Exclude the pictures and repeat all of the data exactly.

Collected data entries
╔══
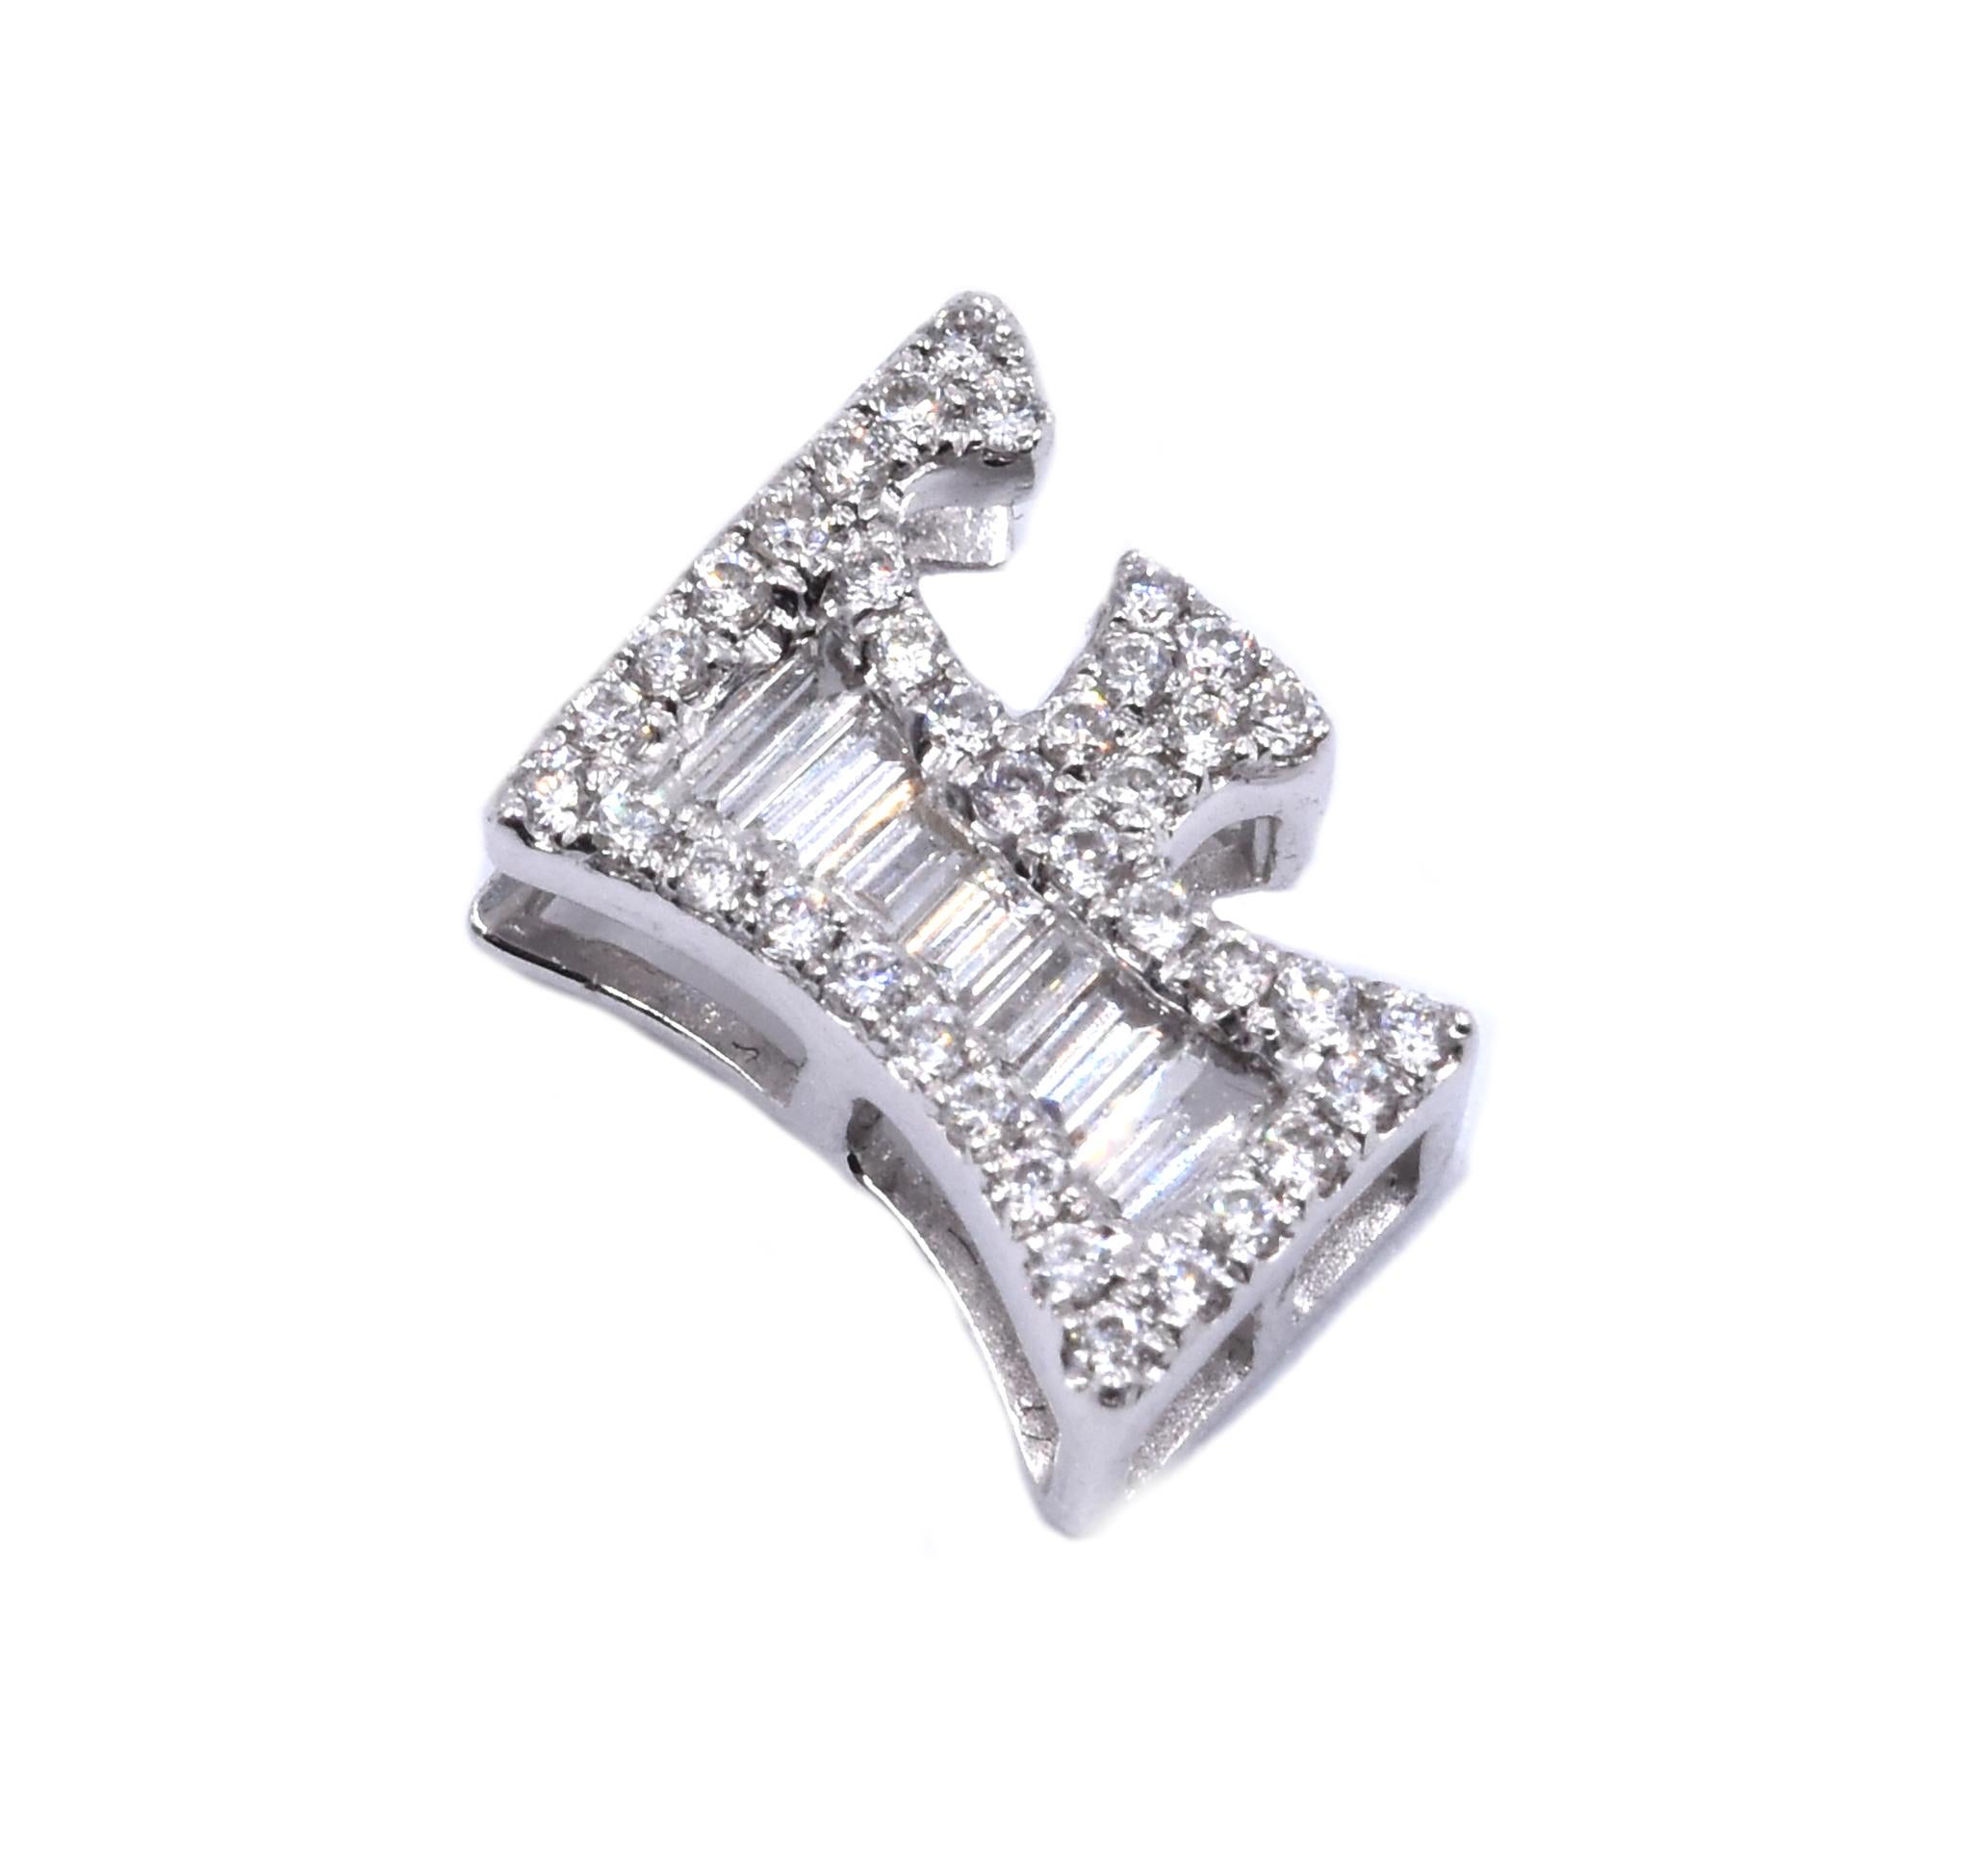 Designer: custom 
Material: 18K white gold
Diamonds: 45 round and baguette cut = .31cttw
Color: G
Clarity: VS
Dimensions: pendant measures 10.71 X 7.8mm
Weight: 1.41 grams
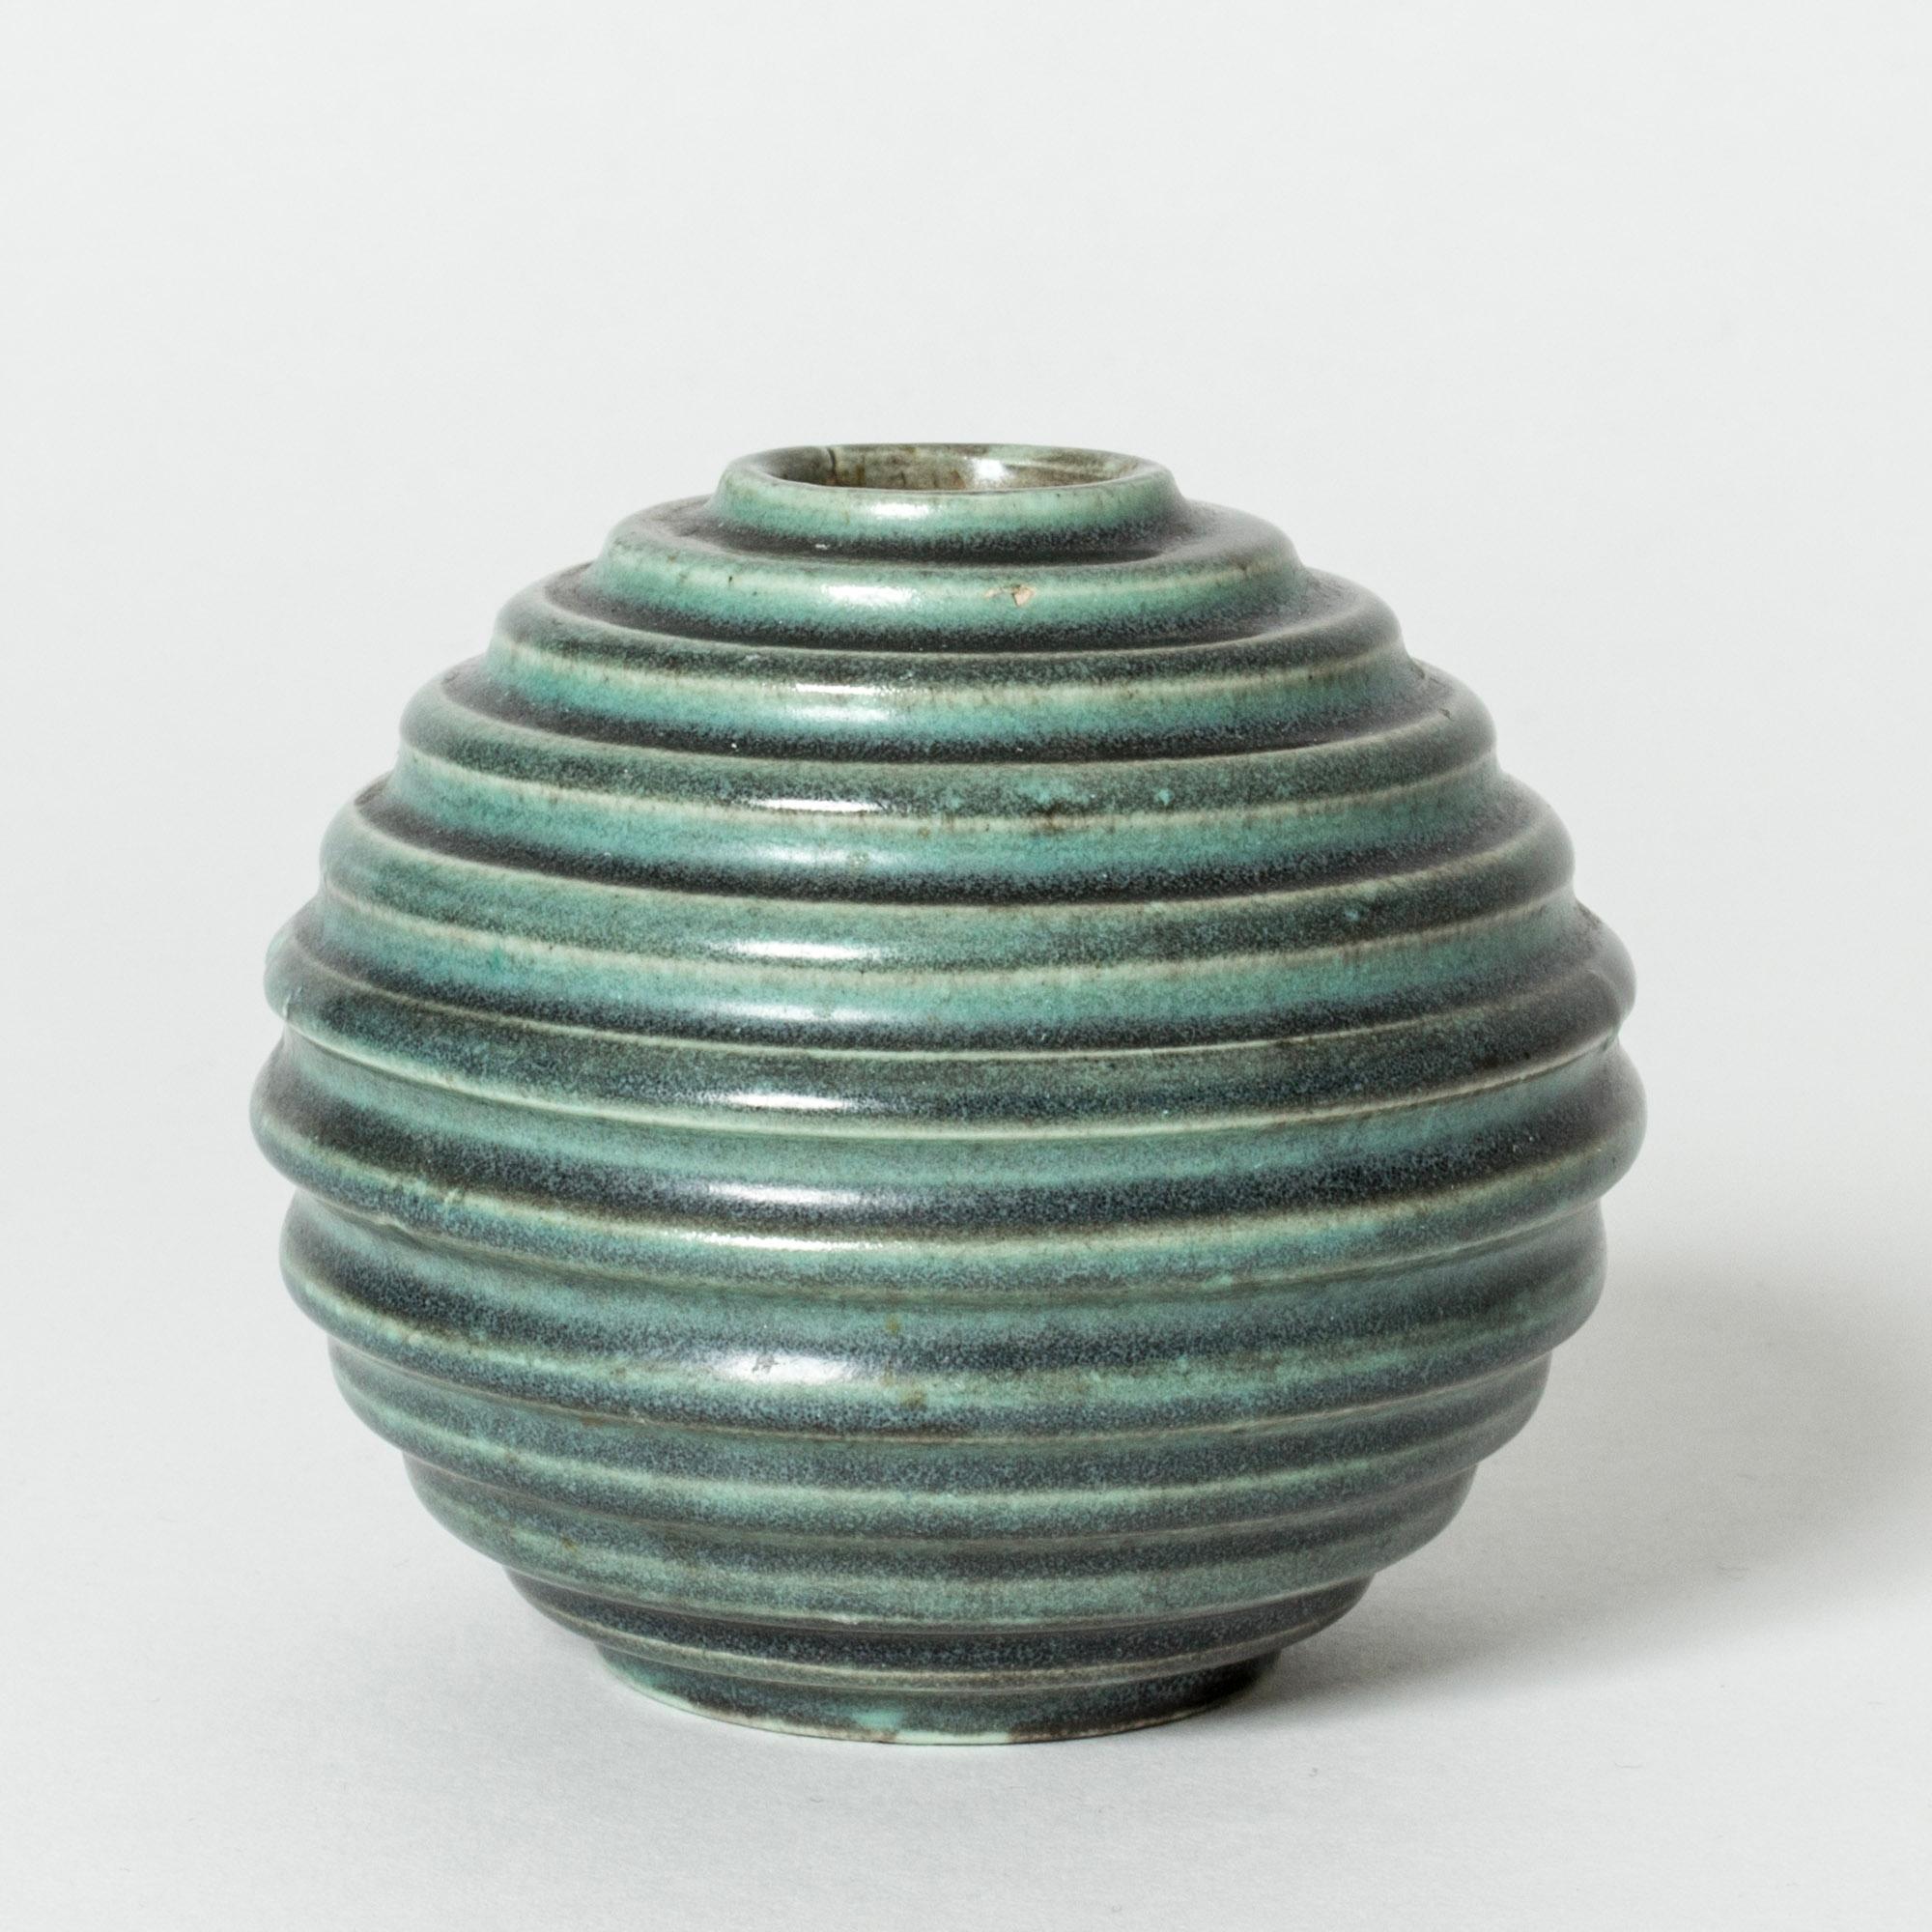 Small stoneware vase by Ewald Dahlskog, in a globe form with embossed stripes. Glazed green with black streaks. This signature design by Dahlskog was first introduced at the Stockholm Exhibition in 1930.
╚══
◆ **REPLY**:
 Designer: custom 
Material: 18K white gold
Diamonds: 45 round and baguette cut = .31cttw
Color: G
Clarity: VS
Dimensions: pendant measures 10.71 X 7.8mm
Weight: 1.41 grams
 Small stoneware vase by Ewald Dahlskog, in a globe form with embossed stripes. Glazed green with black streaks. This signature design by Dahlskog was first introduced at the Stockholm Exhibition in 1930.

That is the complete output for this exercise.